The financing of Cemac severely compromised by the payment defaults of its member states
The Cemac region's financing is at risk due to significant payment defaults from its member states, as revealed in a recent parliamentary report.
The economic situation in the Cemac region continues to dominate headlines, with a parliamentary report presented in Malabo detailing serious financial challenges. The report highlights that as of February, all activities of the Commission were suspended due to lack of funds, reflecting a dire fiscal state. This has raised alarms about the operational capabilities of the regional body, which relies on contributions from member states to function effectively.
According to the report, member states owe a staggering amount of 263 billion FCFA (approximately 400 million euros) in arrears for the Tax on Community Integration (TCI), which is the chief source of financing for Cemac. The collection of this tax has been alarmingly low, with only about 60% collected last year.
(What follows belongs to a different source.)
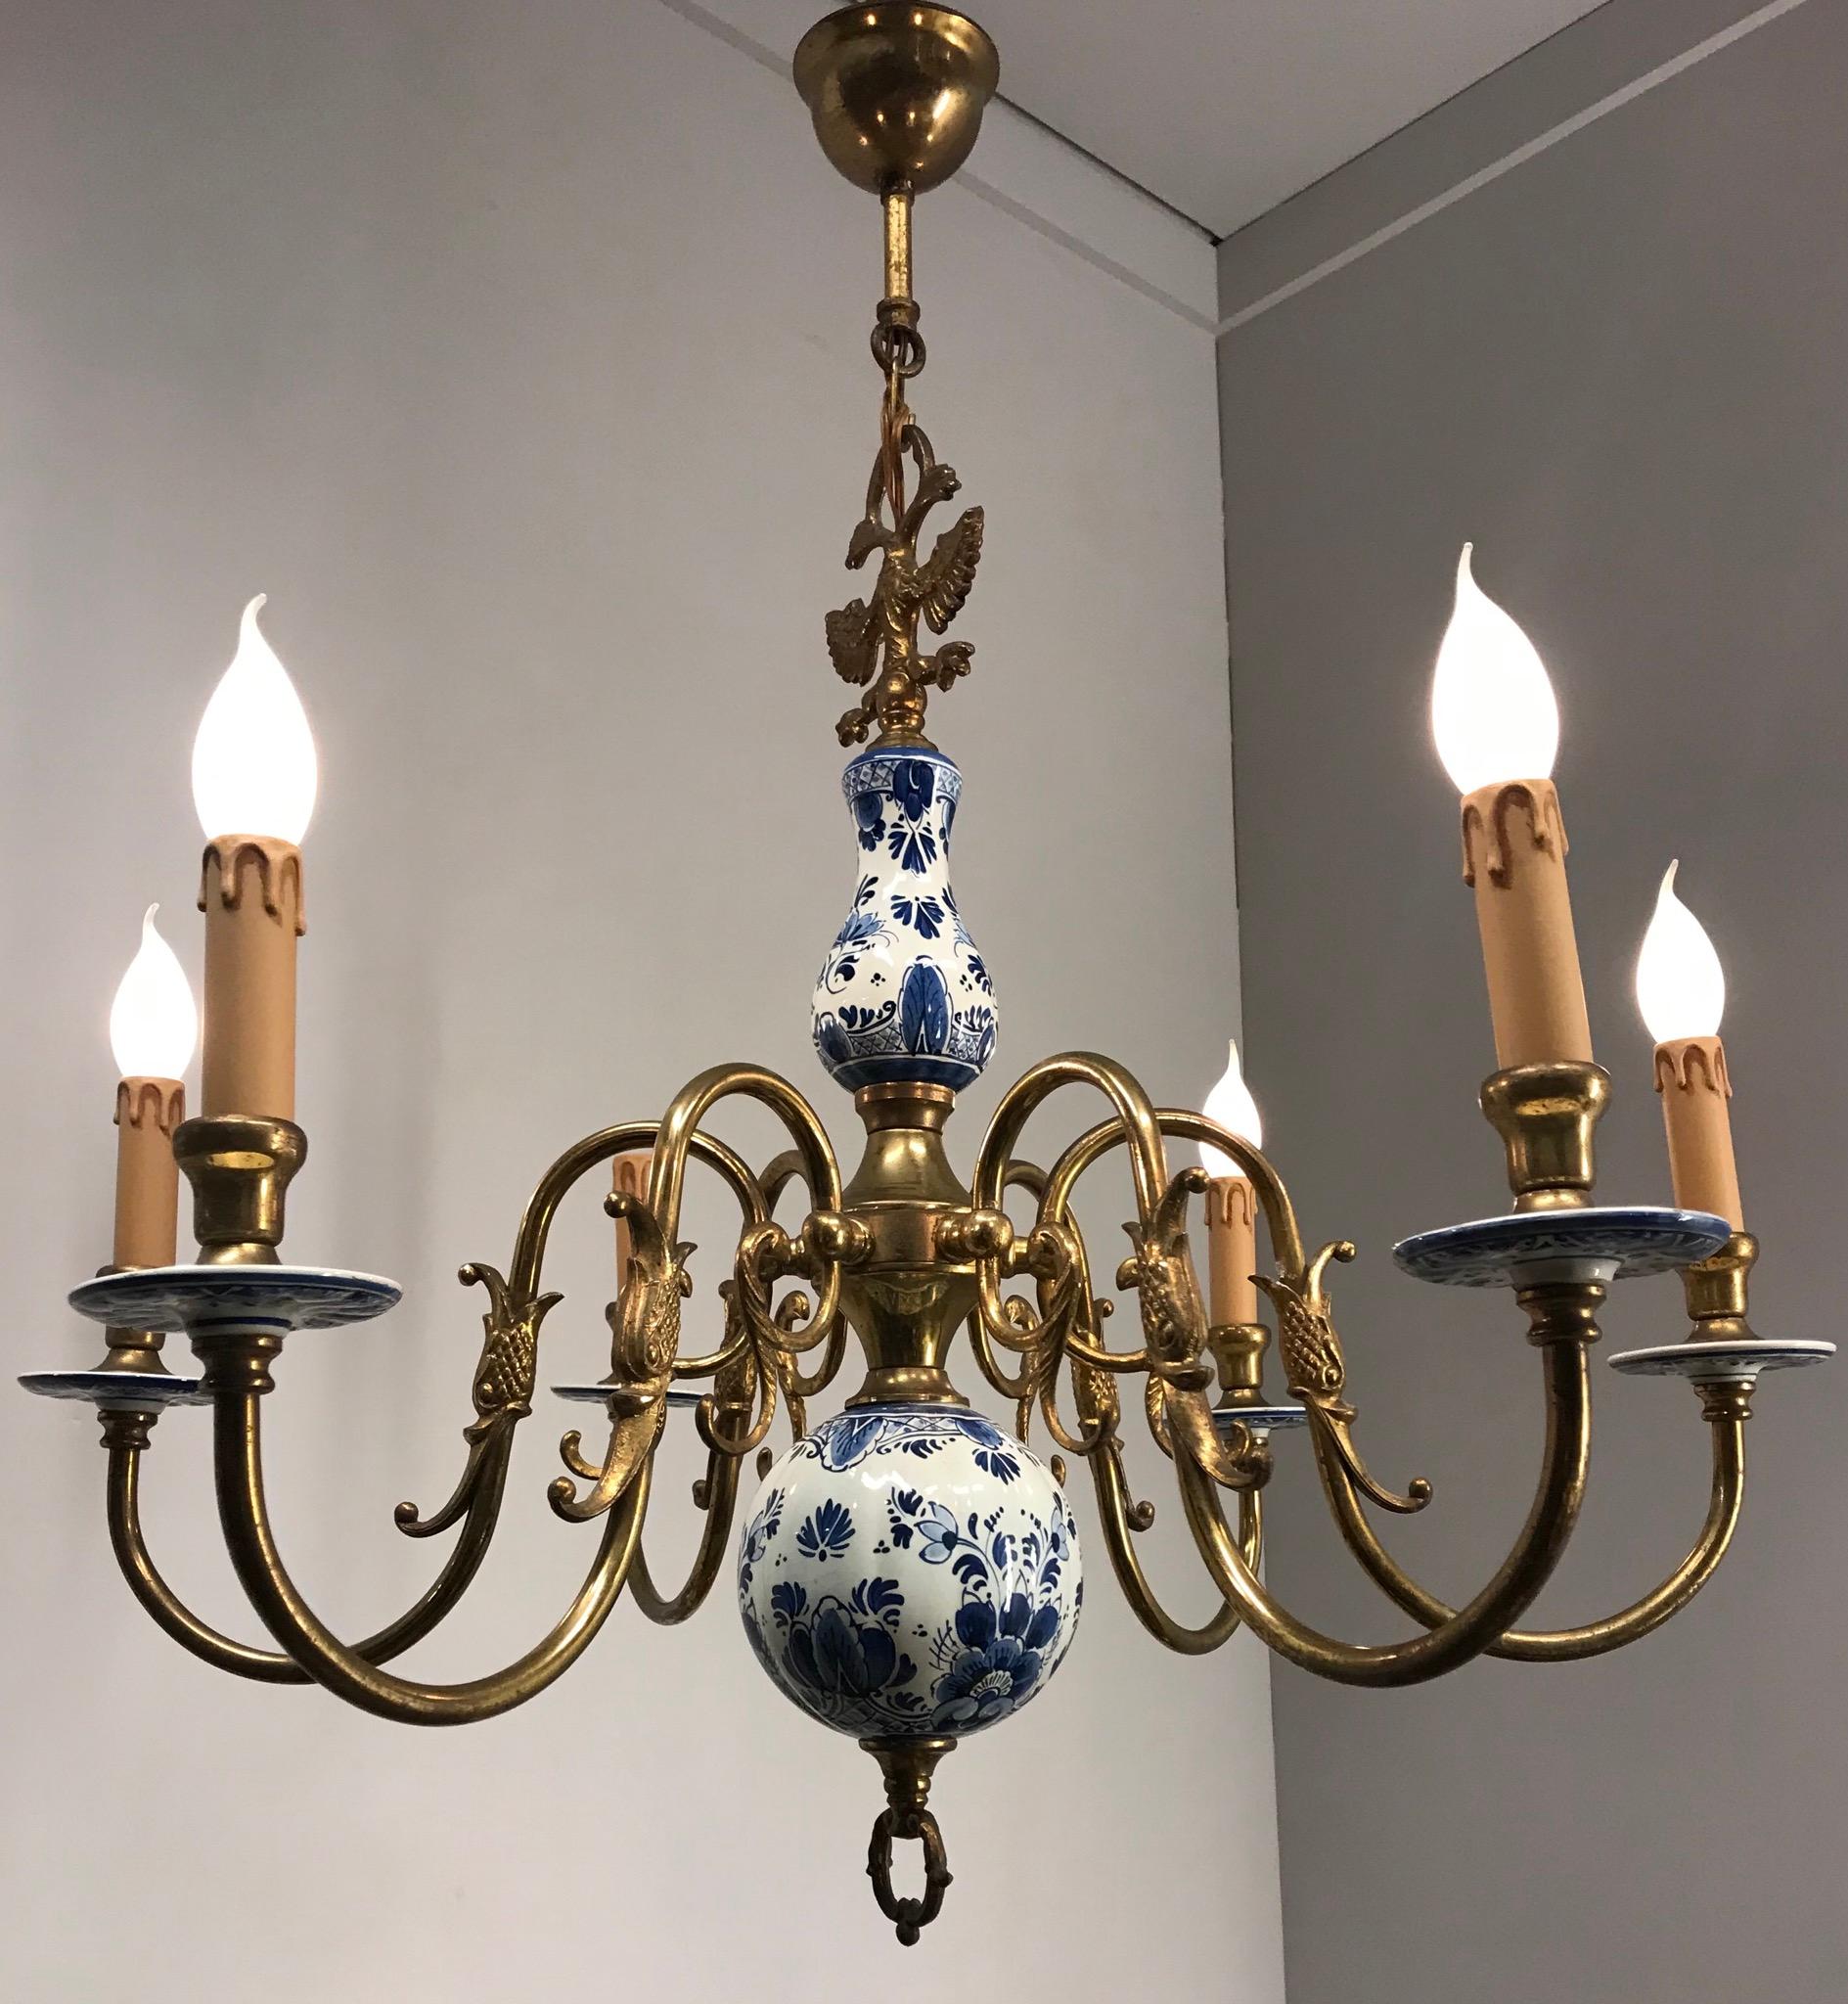 Stunning and good size, six light pendant.

This decorative and top quality made pendant could be perfect for you. Both on and off this great workmanship fixture can create just the right atmosphere in your dining or living room. However, it would

Of the region’s six member states, only Gabon and Cameroon have met their minimum contribution requirements, while several others have failed to contribute at all, with some reporting zero participation.
This situation has been attributed to a lack of community spirit and communal responsibility among the states, raising concerns about the sustainability of the Cemac framework. The financial woes could hinder the Commission's ability to implement regional projects and initiatives aimed at fostering integration and development within the region, thereby adversely impacting the economic stability of the areas dependent on these programs. Without immediate action to address these payment defaults, the future of Cemac as a functioning economic union remains uncertain.